> [Exercise instructions]
Could you retype the lines below, starting at the line holding "Java Round Prescription Glasses - Green" and stopping at the line holding "5 Ways Flaxseeds", inclusive? Copy them exactly and drop the images.

> [The records]
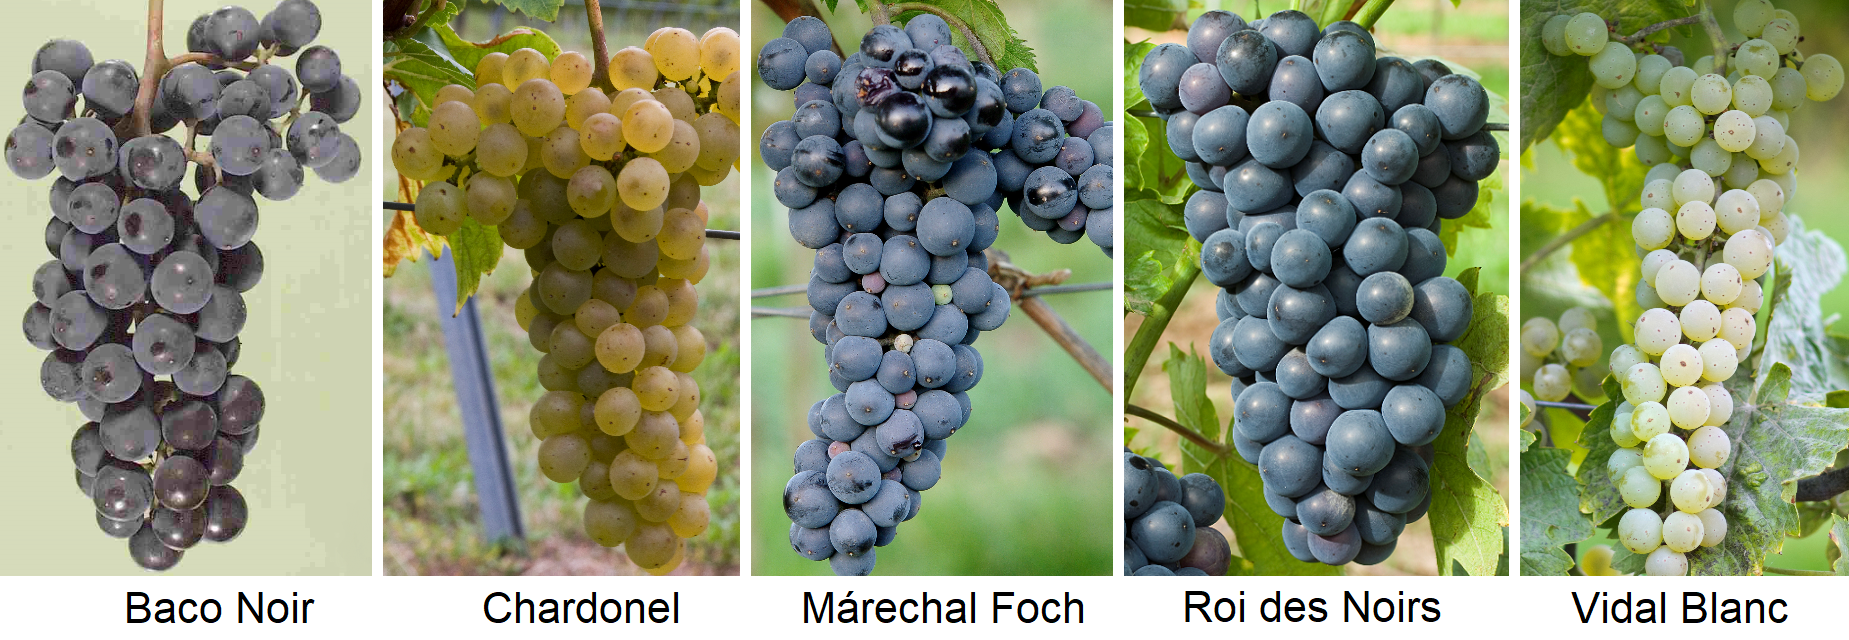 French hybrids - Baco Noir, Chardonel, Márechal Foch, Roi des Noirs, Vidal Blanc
---
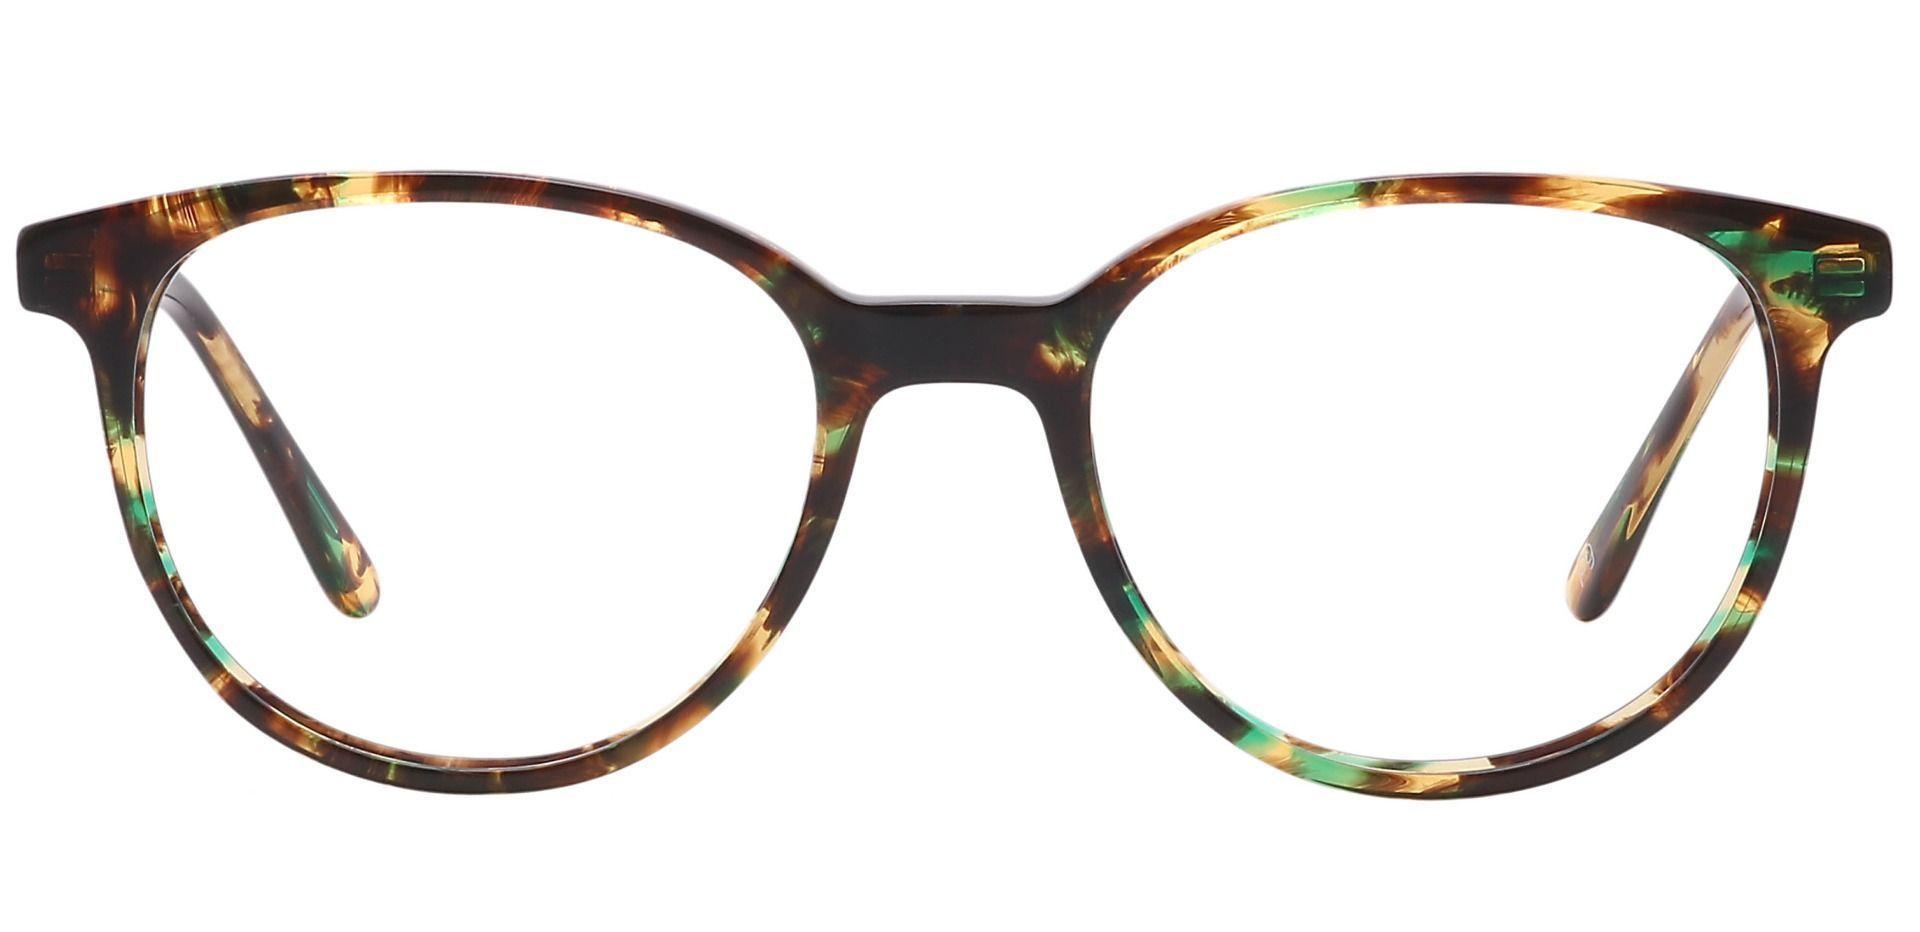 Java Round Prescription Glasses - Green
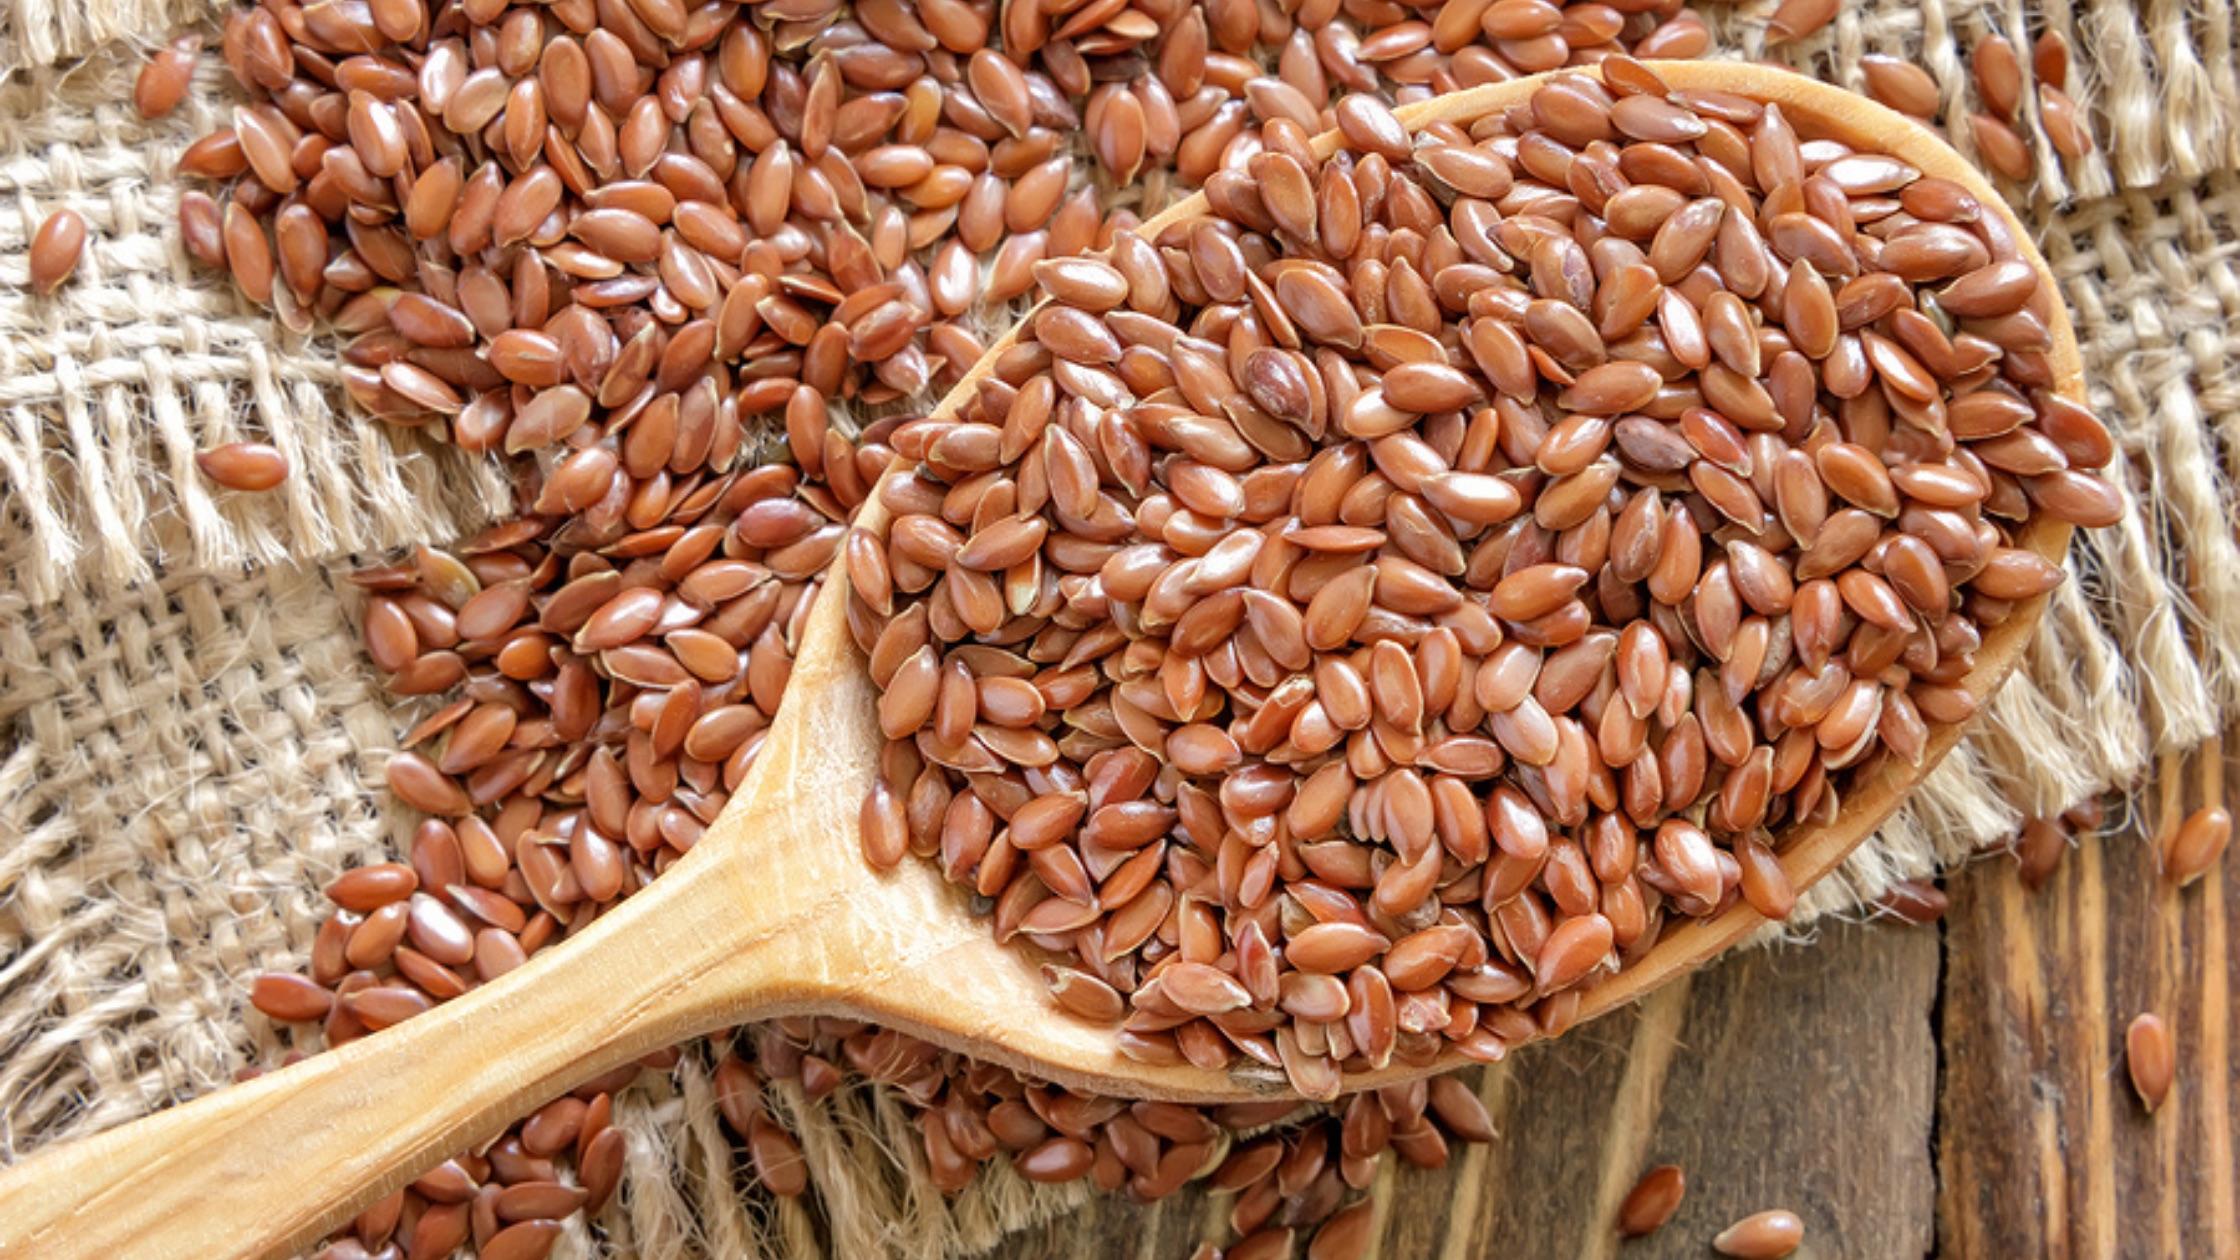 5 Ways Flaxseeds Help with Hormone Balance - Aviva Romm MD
...
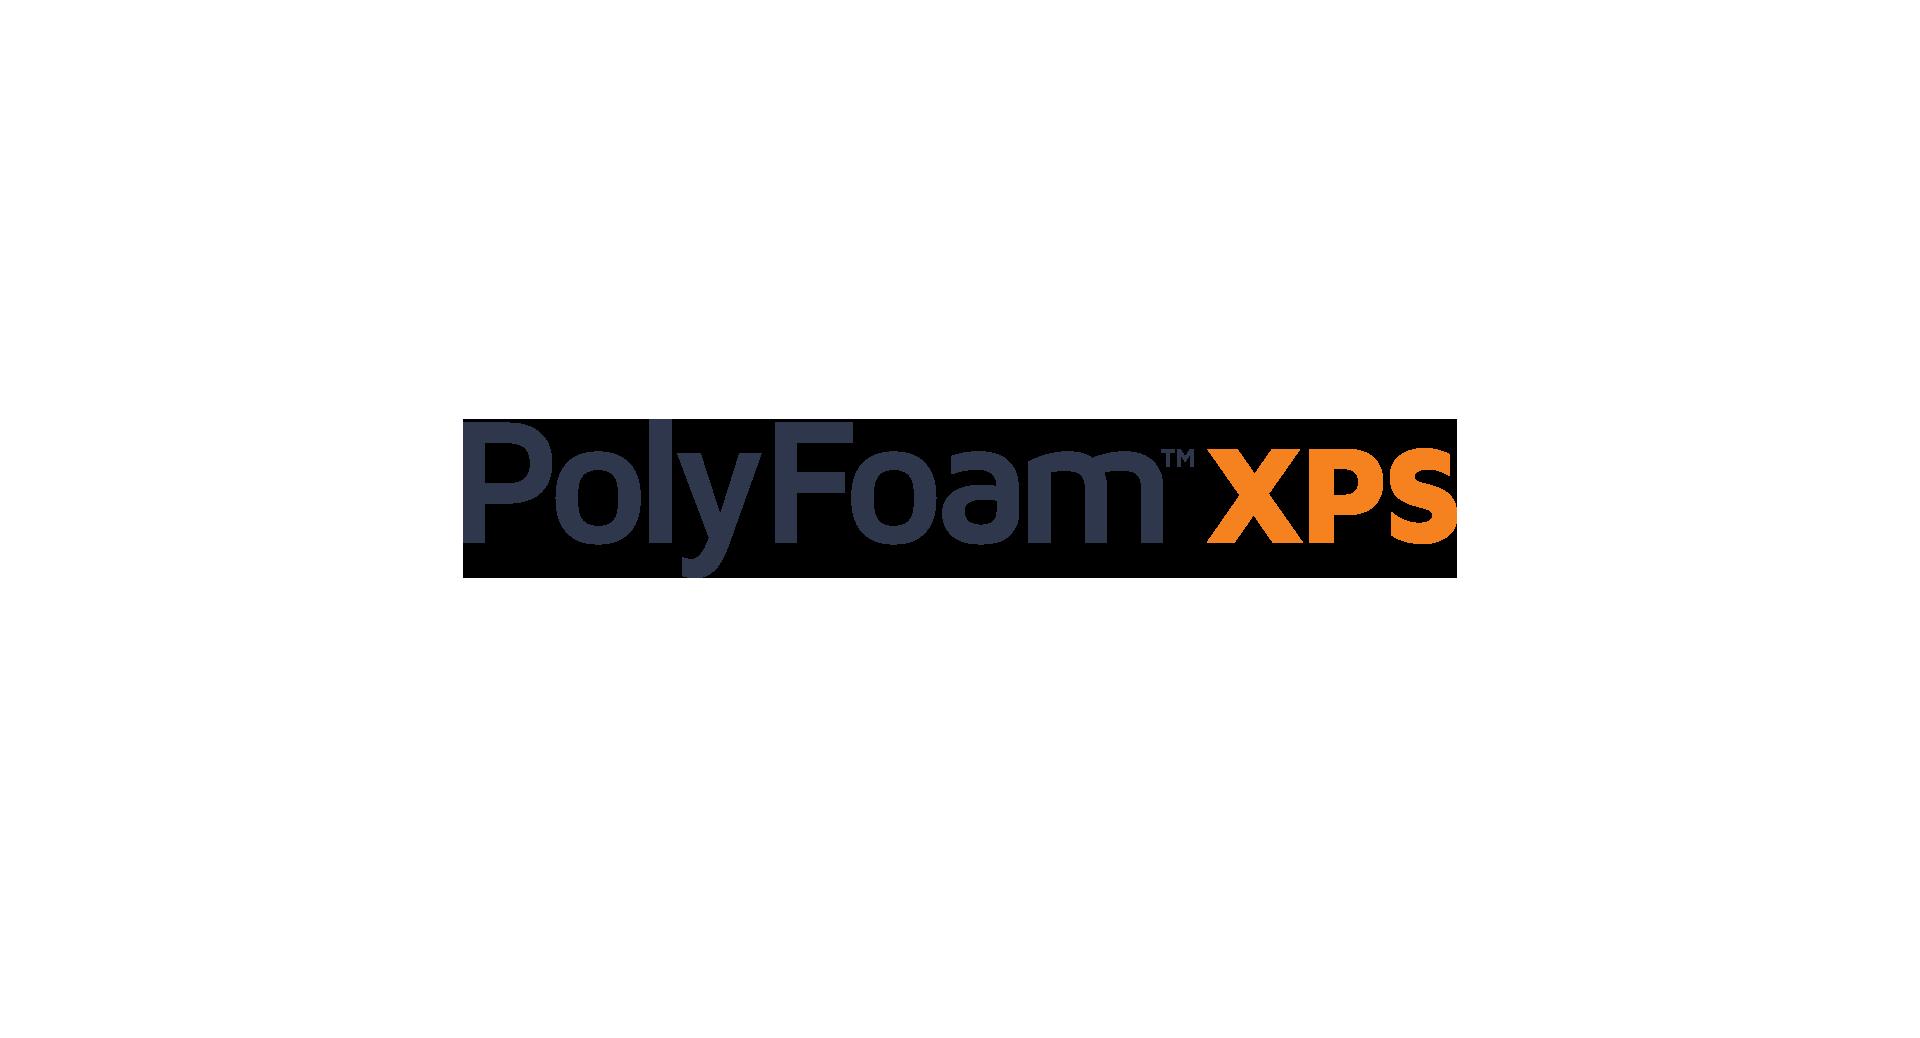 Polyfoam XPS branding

> [Result for this task]
 Java Round Prescription Glasses - Green
 5 Ways Flaxseeds Help with Hormone Balance - Aviva Romm MD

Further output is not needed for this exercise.